Why is Java not telling me when I can't use Integer?
For a small project (Problem 10 Project Euler) i tried to sum up all prime numbers below 2 millions. So I used a brute force method and iterated from 0 to 2'000'000 and checked if the number is a prime. If it is I added it to the sum:
private int sum = 0;
private void calculate() {
for (int i = 0; i < 2000000; i++) {
if (i.isPrime()) {
sum = sum + i;
}
}
sysout(sum)
}
The result of this calculation is 1179908154, but this is incorrect. So i changed int to BigInteger and now i get the correct sum 142913828922. Obviously the range of int was overflo开发者_如何学JAVAwed. But why can't Java tell me that? (e.g. by an exception)
Because it's conceivable that you might want it to behave in the traditional Integer fashion. Exceptions are reserved for things that are definitely and irrevocably wrong.
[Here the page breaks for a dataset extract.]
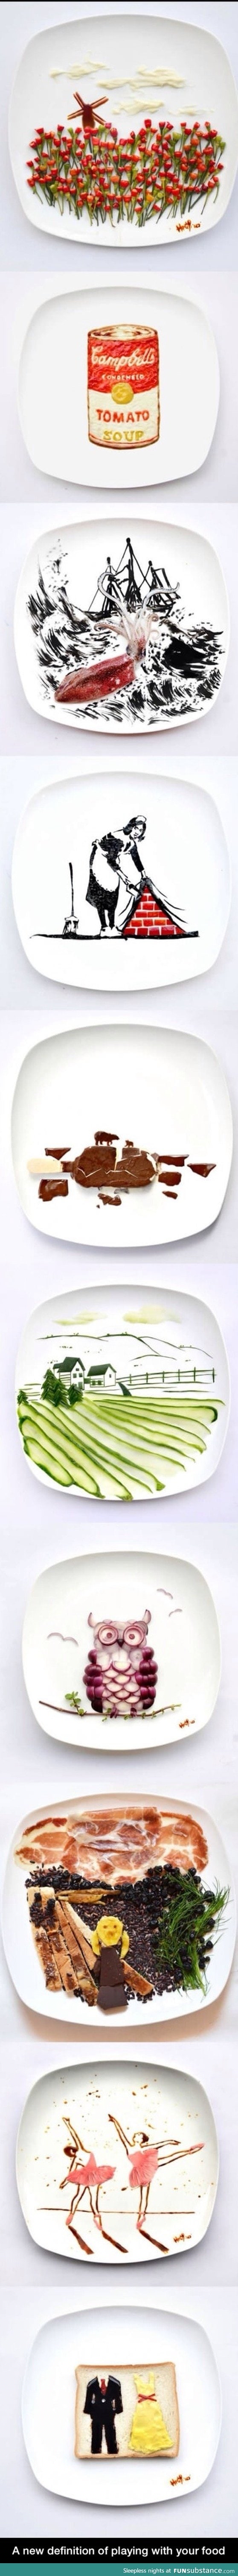 Amazingly Awesome Food Art

ETA: From the language spec:
"The built-in integer operators do not indicate overflow or underflow in any way. The only numeric operators that can throw an exception (§11) are the integer divide operator / (§15.17.2) and the integer remainder operator % (§15.17.3), which throw an ArithmeticException if the right-hand operand is zero."
(http://java.sun.com/docs/books/jls/second_edition/html/typesValues.doc.html)
Besides what Jim says, checking for conditions such as overflow would add a performance penalty to any calculation done with integers, which would make programs that do a lot of calculations a lot slower.
The other reason is that you can do this check yourself very easily and quickly.
if (sum+i < sum) {
throw new AritchmeticException();
}
should do the trick nicely, given that you know i is always positive and less than Integer.MAX_VALUE.
Being aware of Integer.MAX_VALUE is always useful :)
Because our profession values performance over correctness. ;(
Using BigInteger by default, and only reasoning whether it is acceptable, to use long or int if performance is a real problem, would help to avoid such problems.